I think, for a lot of mothers, their child is taken away instantly, as soon as they’ve given birth. I understand some households are very difficult for a baby to survive in. And those factors are important and shouldn’t be ignored. But at the same time, if we think about some of these mothers… how are they physically ever going to heal if they are stripped away at that point? And even after they’re breastfeeding. What does that do to you physiologically? That was a huge, important part of this film – [I thought] “how do I create that sense of that awareness of the body and our connection to this thing that’s been growing inside of you, and then it’s taking on its own life away from you?”… I wanted to try to show that physiological effect it might have on a mother and a child.
Before you went into filmmaking, you were a professional volleyball player. Do you find that background helps you in your directing style?
Definitely. I feel like I’ve met a lot of filmmakers that were very good at sports in high school, if not in college, and some of them professionally… There’s something about working in film that feels very complementary to working in a team environment on a court: looking at all the players around you and seeing what their skill sets are, trying to bring the best out in them, pushing them extremely hard and also them expecting to do that to you and not being afraid of that. People always say that I’m like an athlete when I’m directing. And I honestly think actors are like athletes, they really are putting themselves emotionally and physically through so much.
You competed in the 2012 Olympics. What was scarier – that, or premiering your film to an audience for the first time?
Definitely premiering the film. I mean, I was 18 playing in the Olympics. So there was a sense of fearlessness. Now, I feel like I’m more insecure, probably than I ever have been. But also… If you are a really good athlete, you might get some haters, but for the most part, people respect how good you are at playing that sport. Whereas art, you’re just out there ready to be criticised. And that’s terrifying.
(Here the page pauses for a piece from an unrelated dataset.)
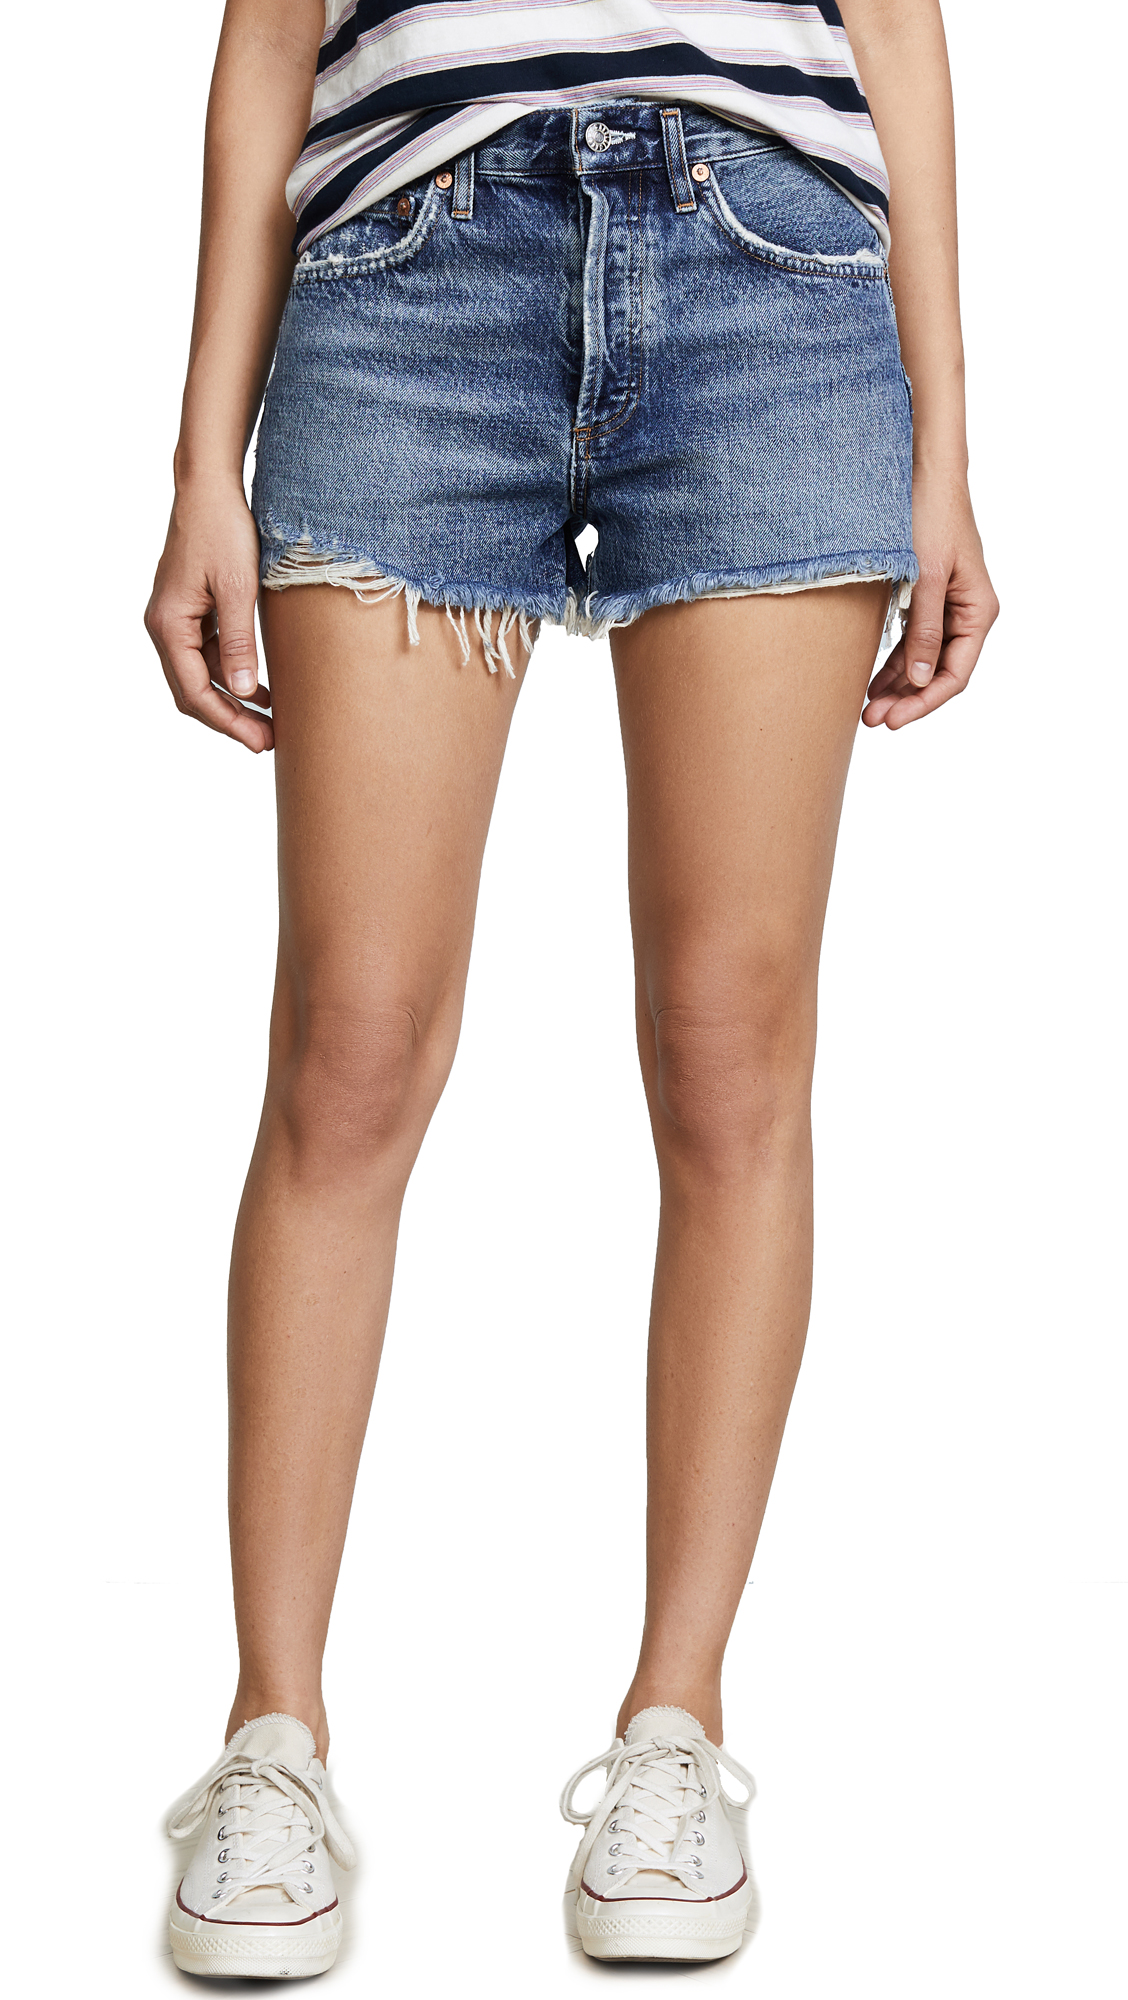 AGOLDE Parker Vintage Loose Fit Cutoff Shorts - Rock Steady

I look at older directors… they make one film, everyone loves them and the next film, everybody hates them and thinks they’ve lost it. And then it takes another five years to make another film, and maybe they’ll get it again… But for some reason, people keep doing it. I don’t know if it’s competitive, or if they like being on the edge of criticism. I’m not sure what it is. But I kind of feel that too. I’m terrified of being criticised for what I’m making, but if I don’t try, if I don’t put myself out there, I’ll forever be bottled up with that emotion. And I think I’d rather just get it out there.
► Earth Mama is in UK cinemas on 8 December.